If this is the case, then both examples I mentioned above — AI-edited human writing and  human-edited AI writing — will be flagged by detectors as AI-generated. But is it the right call to reject both articles solely on the basis of AI involvement in the writing and editing process? AI detectors are likely not well-suited to distinguish between the two examples, but we, as humans and not algorithms, should treat them differently. One is a genuine human idea that enriches the campus community. The other results in our readers unknowingly digesting text regurgitated by machines.

I take a lot of pride in the editorial board’s human editing process on every article, but this process, as I already said, does not validate or alter authorship. Therefore, authorship has to be addressed as a policy issue at the submission stage. But here I find myself running into the exact same problem that the college’s academic departments are struggling to tackle: How do we ensure that the work we receive is authentic? We have already seen departments shifting to bluebook exams due to concerns over AI use. Should The Student implement similar measures by requiring op-eds to be written in person, or even by hand, to prevent AI usage?

I don’t think that’s a good use of our time and effort. The authorship question can turn into an endless witchhunt, because there is often no truth to be found. There is no method that can prove an absolute presence or absence of AI in any article. The arms race between large language models and AI detectors is endless: as AI models become better trained, AI detectors adjust to respond, “humanizers” arise to help AI writing avoid detection, and AI writing becomes more elusive. At some point, the authorship question will become an unproductive pursuit and will only take away from the intellectual depth and diversity The Student aims to offer. I would especially advise against taking these discussions to the anonymous platform Fizz, which itself is built on an algorithm that incentivizes personal attacks and incendiary comments.

Let me be clear: The Student discourages AI use. We do not believe in AI-generated writing. Nor do we believe in AI-generated verdicts. As editor-in-chief, I will not take retrospective public action against any piece that was identified by machine learning algorithms as likely AI-generated. Instead, what I am considering is an emphasis on the requirement that no one should claim authorship over articles they did not write. This requirement might seem self-explanatory, but with the prevalence of AI, I see a need for an explicit reminder. I am also planning to hold more discussions with the editorial board to determine parameters for acceptable AI use in research, translation, and proofreading, just as the New York Times has done. We may not reach a unified AI policy soon, and we doubt the college’s administration will either, but I hope we can continue to evolve with new technologies and learn alongside each other.

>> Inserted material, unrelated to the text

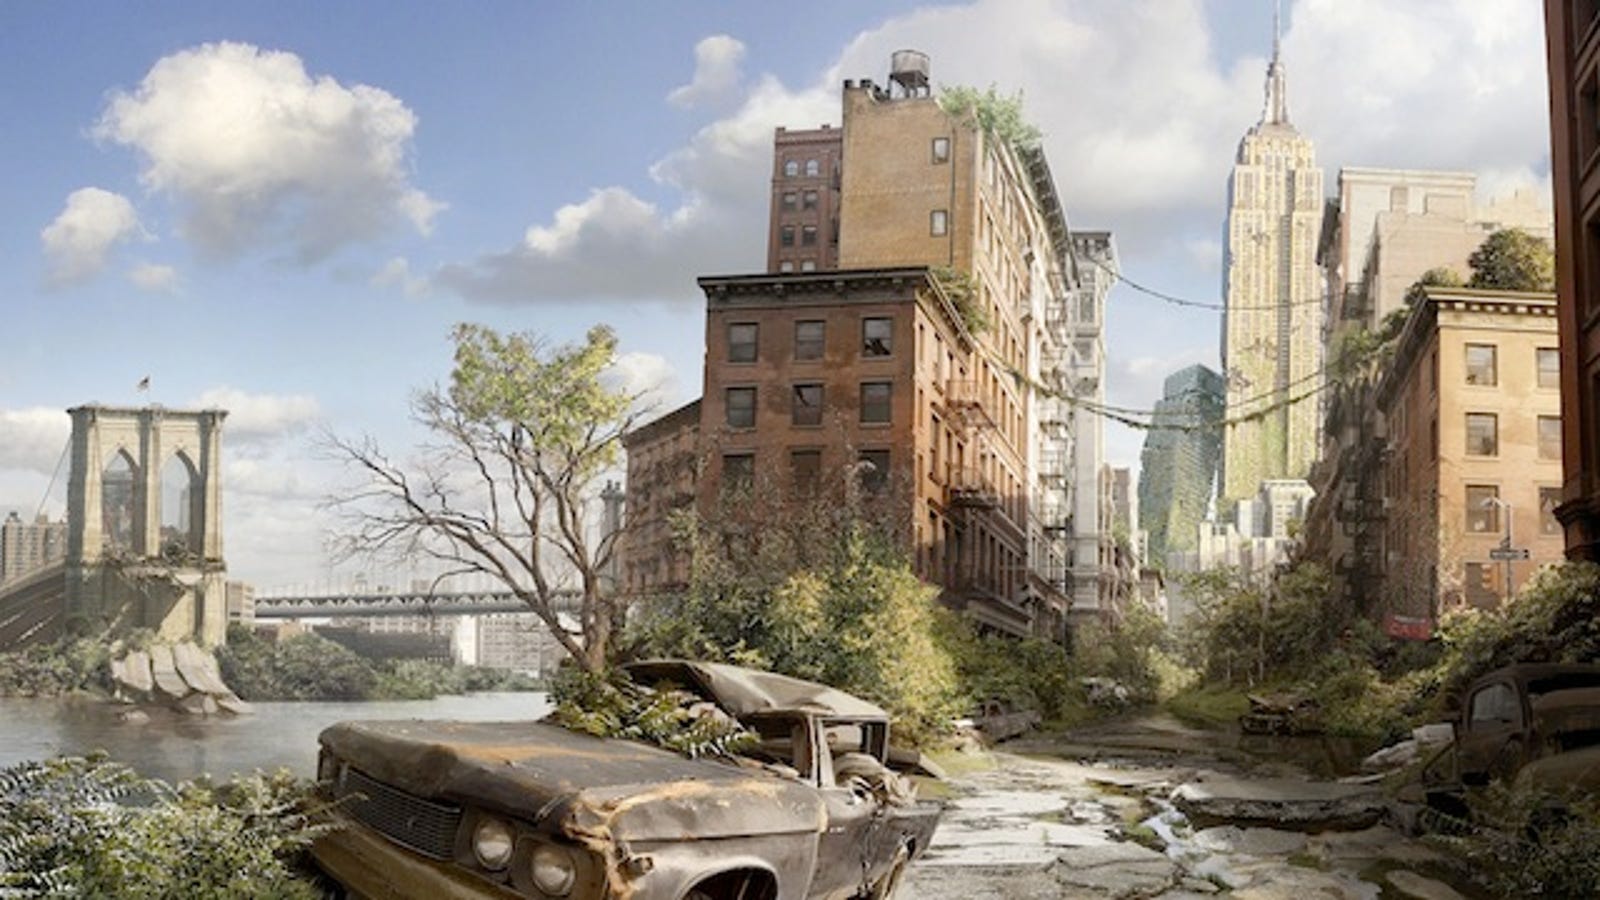 Explore the Trashed Magnificence of Dystopia in these Wallpapers

I, along with the entire editorial board, approach readers’ concerns with careful consideration and deep introspection. I welcome your thoughts, reflections, and challenges to this article. As readers, your constructive criticism is one of the many ways we continue to grow as a paper and as student journalists. 

Finally, for those who are curious, both Pangram and GPTZero marked this article as 100% human with high confidence.